Recognising the various sources of nitrate pollution and understanding system dynamics are fundamental to tackle groundwater quality problems. A comprehensive GIS database of twenty parameters regarding hydrogeological and hydrological features and driving forces were used as inputs for predictive models of nitrate pollution. Additionally, key variables extracted from remotely sensed Normalised Difference Vegetation Index time-series (NDVI) were included in database to provide indications of agroecosystem dynamics. Many approaches can be used to evaluate feature importance related to groundwater pollution caused by nitrates. Filters, wrappers and embedded methods are used to rank feature importance according to the probability of occurrence of nitrates above a threshold value in groundwater. Machine learning algorithms (MLA) such as Classification and Regression Trees (CART), Random Forest (RF) and Support Vector Machines (SVM) are used as wrappers considering four different sequential search approaches: the sequential backward selection (SBS), the sequential forward selection (SFS), the sequential forward floating selection (SFFS) and sequential backward floating selection (SBFS).
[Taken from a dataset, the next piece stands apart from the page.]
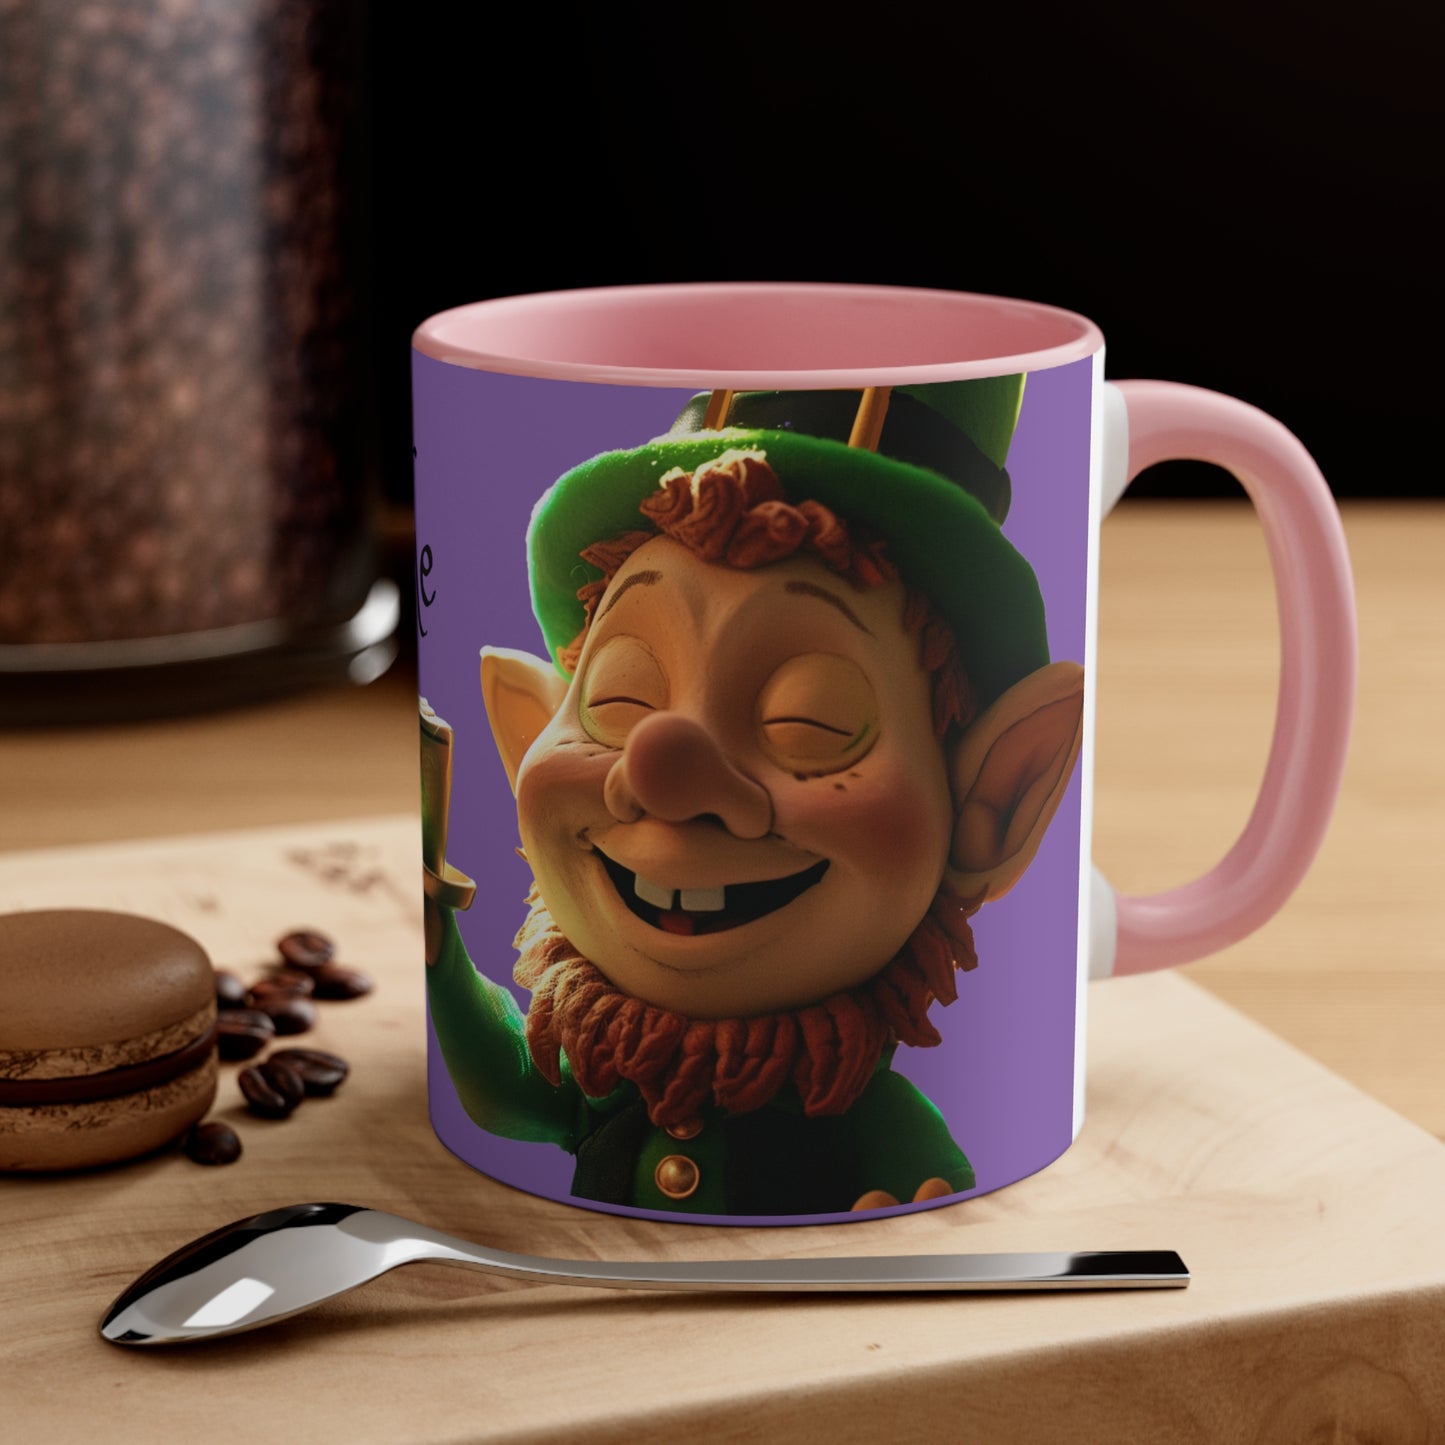 Cup O' The Mornin'

Feature importance obtained from RF and CART was used as an embedded approach. RF with SFFS had the best performance (mmce=0.12 and AUC=0.92) and good interpretability, where three features related to groundwater polluted areas were selected: i) industries and facilities rating according to their production capacity and total nitrogen emissions to water within a 3km buffer, ii) livestock farms rating by manure production within a 5km buffer and, iii) cumulated NDVI for the post-maximum month, being used as a proxy of vegetation productivity and crop yield.